Simplified analysis of creep for preloaded reconstituted soft alluvial soil from Famagusta Bay

  • Garoushi, Ali Hossien Basheer (Department of Civil Engineering, Engineering Faculty, Eastern Mediterranean University) ;
  • Uygar, Eris (Department of Civil Engineering, Engineering Faculty, Eastern Mediterranean University)
  • 투고 : 2020.09.08
  • 심사 : 2021.12.07
  • 발행 : 2022.01.25
⟨ 이전 논문 다음 논문 ⟩

초록

Preloading of soft clays is a common ground stabilization method for improvement of compressibility and the undrained shear strength. The waiting period under preload is a primary design criterion controlling the degree of improvement obtained. Upon unloading the overconsolidation attained with respect to actual loads defines the long term performance. This paper presents a laboratory study for investigation of creep behavior of Famagusta Bay alluvial soft soil preloaded under various effective stresses for analysis of long term performance based on the degree of overconsolidation.
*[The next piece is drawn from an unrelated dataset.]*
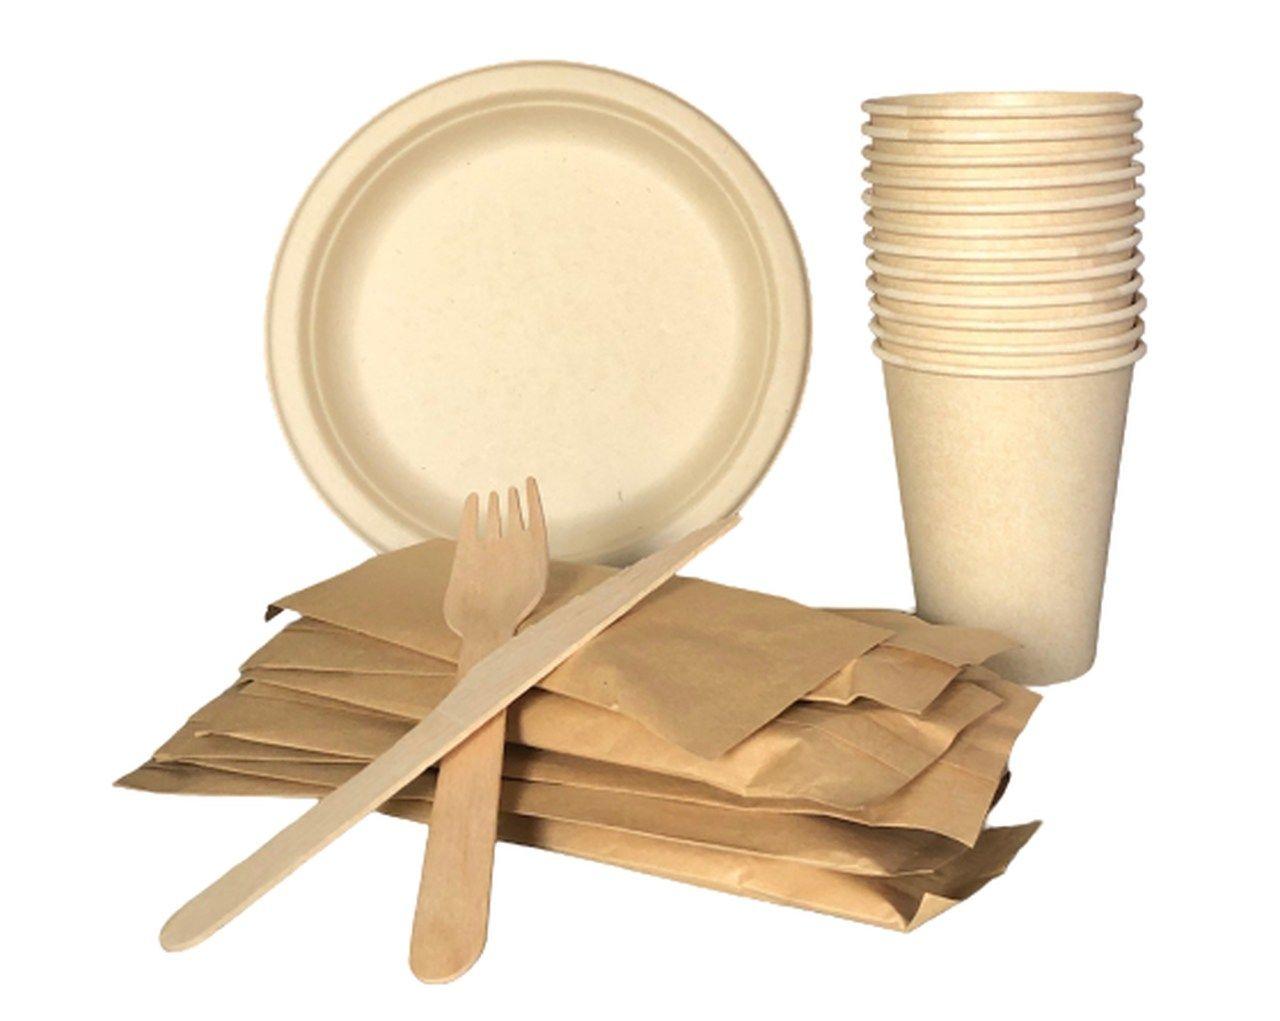 A set of disposable dishes for 12 people made of sugar cane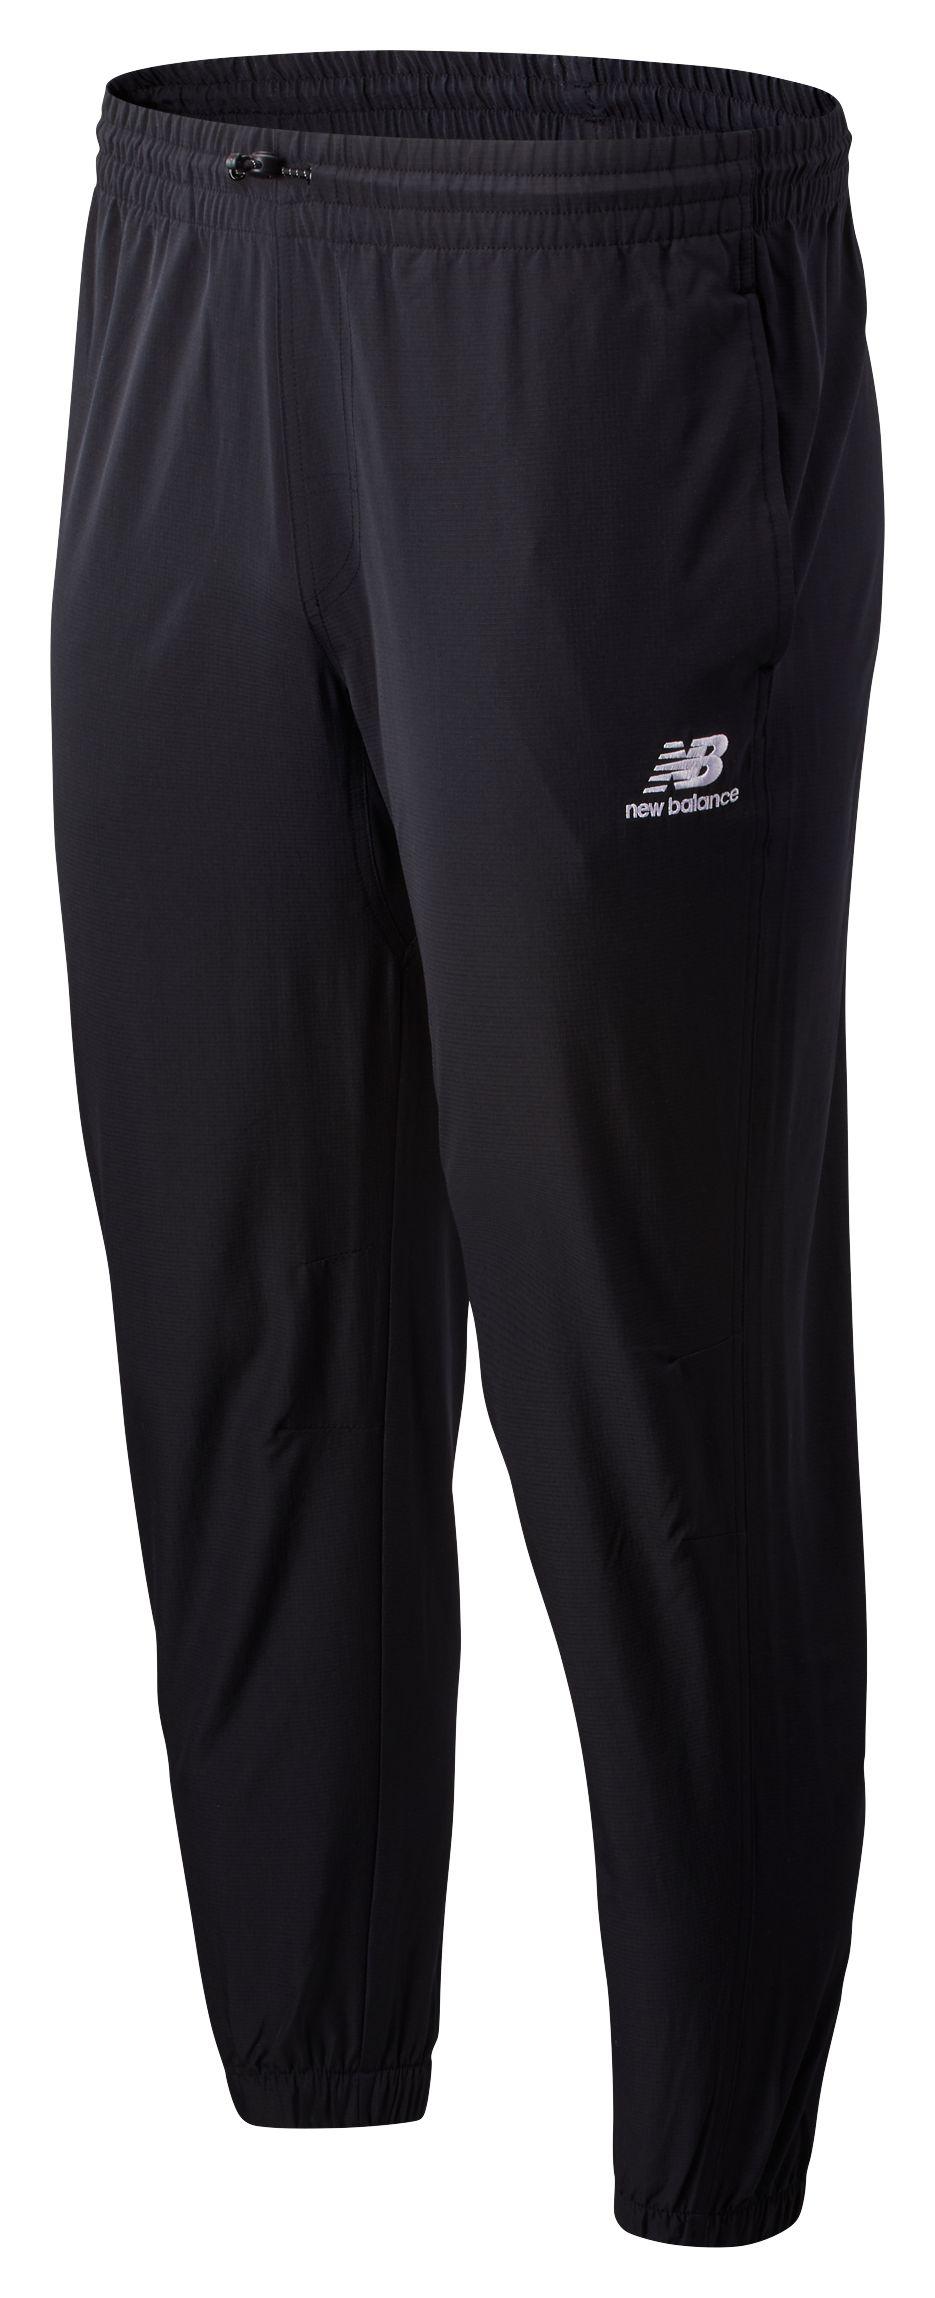 New Balance Nb Athletics Wind Pant in Black for Men - Lyst

Traditional one-dimensional consolidation tests as well as modified creep tests are performed on reconstituted soft specimens. Compressibility parameters are precisely backcalculated using one dimensional consolidation theory and the coefficient of creep is determined using the traditional Cassagrande method as well as two modified methods based on log cycles of time and the inflection of the creep curve. The test results indicated that the long term creep can be successfully predicted considering the proposed method. The creep coefficients derived as part of this method can also be related to the recompression index (recompression index, swelling index) considering the results of the testing method adopted in this study.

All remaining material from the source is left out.